The study investigators aimed to investigate the therapeutic effect of intravitreal pegcetacoplan on the inhibition of photoreceptor loss and thinning and geographic atrophy on conventional spectral-domain OCT (SD-OCT) imaging by deep learning-based automated photoreceptor qualification.

This study was a post-hoc analysis of a prospective, multicenter, randomized, sham-controlled, masked phase II trial investigating the safety and efficacy of pegcetacoplan for the treatment of GA due to age-related macular degeneration (AMD). Participants in the trial included the study eyes of 246 eyes of 246 patients, which were randomized 1:1:1 to monthly, bimonthly, and sham-controlled treatment.

Schmidt-Erfurth and colleagues performed fully automated, deep learning–based segmentation of retinal pigment epithelium (RPE) loss and photoreceptor loss thickness on SD-OCT volumes acquired at baseline and months 2, 6, and 12.

The differences in the change of photoreceptor loss area was compared among the treatment arms. The change in photoreceptor thickness adjacent to the GA borders and the entire 20° scanning area was compared between treatment arms.

The main outcome measures included square-root transformed photoreceptor loss area in mm or mm, photoreceptor thickness in mm, and photoreceptor loss/retinal pigment epithelium (RPE) loss ratio.

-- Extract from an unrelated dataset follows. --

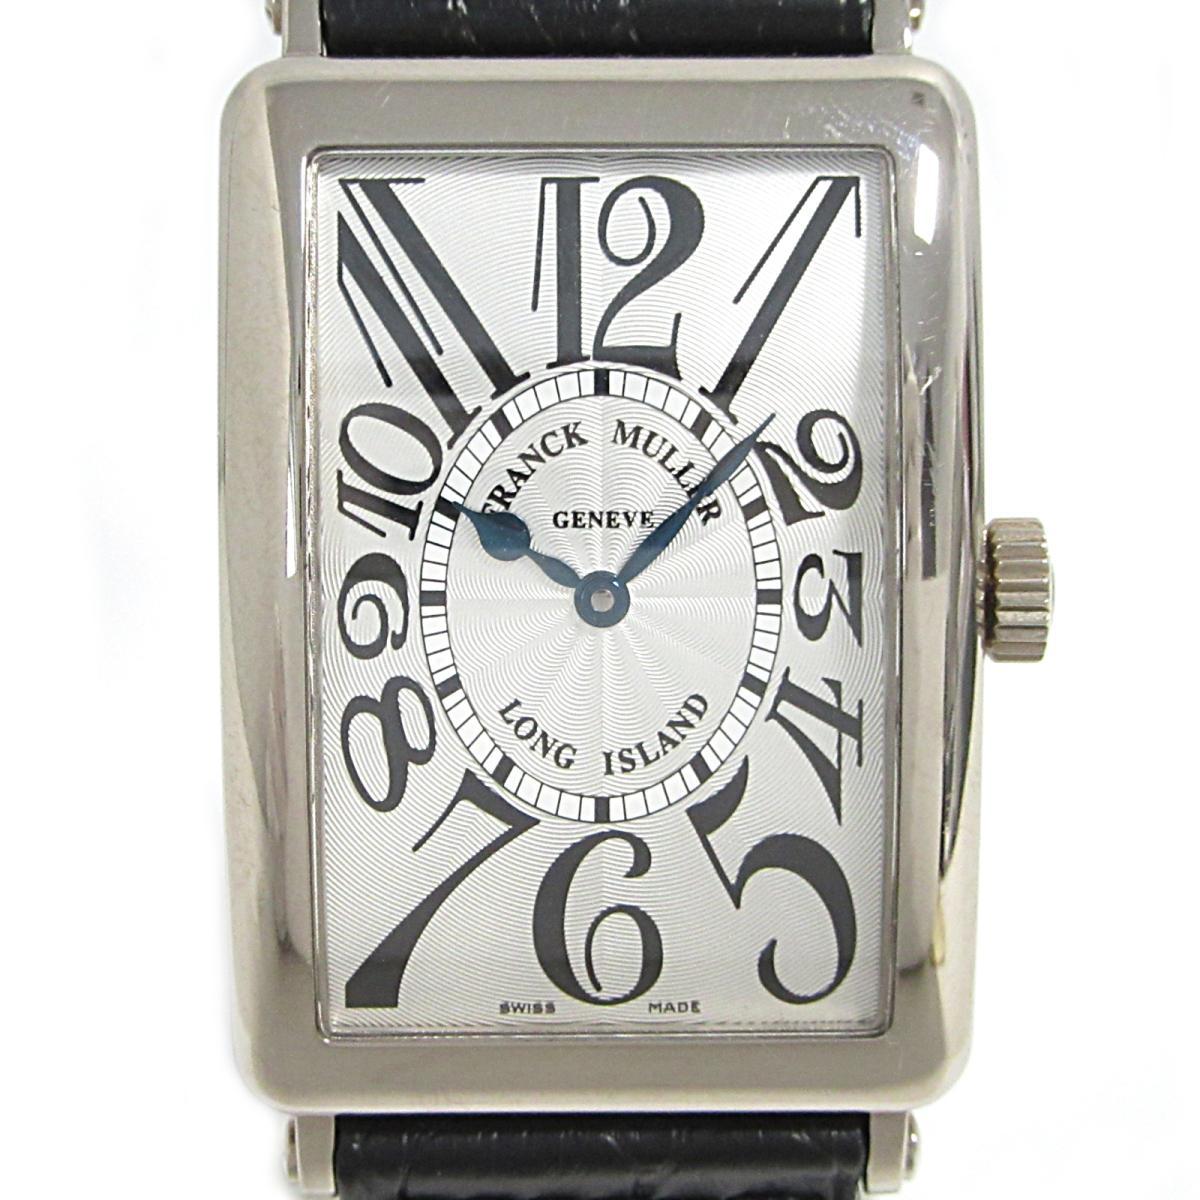 ≪期間限定≫メルマガ登録でクーポンGET! 【中古】 フランク・ミュラー ロングアイランド 腕時計 ウォッチ メンズ K18WG (750)ホワイトゴールド クロコレザーベルト (1000SC) | FRANCK MULLER BRANDOFF ブランドオフ ブランド ブランド時計 ブランド腕時計 時計

The study evaluated a total of 31,556 B-scans of 644 SD-OCT volumes of 161 study eyes from baseline to month 12. It included 52 randomized eyes to monthly treatment, 54 eyes to bimonthly treatment, and 56 eyes to sham-controlled treatment.

Data on the comparison of the mean change in photoreceptor loss area reveal statistically significantly less growth in the monthly groups at months 2 (–41 μm ± 219 vs. 77 μm ± 126; P = 0.0004), month 6 (–5 μm ± 221 vs. 156 μm ± 139; P < 0.0001), and month 12 (106 μm ± 400 vs. 283 μm ± 226; P = 0.0014) than in the sham-controlled group).

Moreover, photoreceptor thinning was significantly reduced under the monthly treatment compared with sham-controlled treatment within the GA junctional zone, as well as throughout the 20° area. Investigators observed a trend toward greater inhibition of photoreceptor loss than RPE loss under therapy.

The abstract, “The Effect of Pegcetacoplan Treatment on Photoreceptor Maintenance in Geographic Atrophy Monitored by Artificial Intelligence-Based OCT Analysis,” was published in Ophthalmology Retina.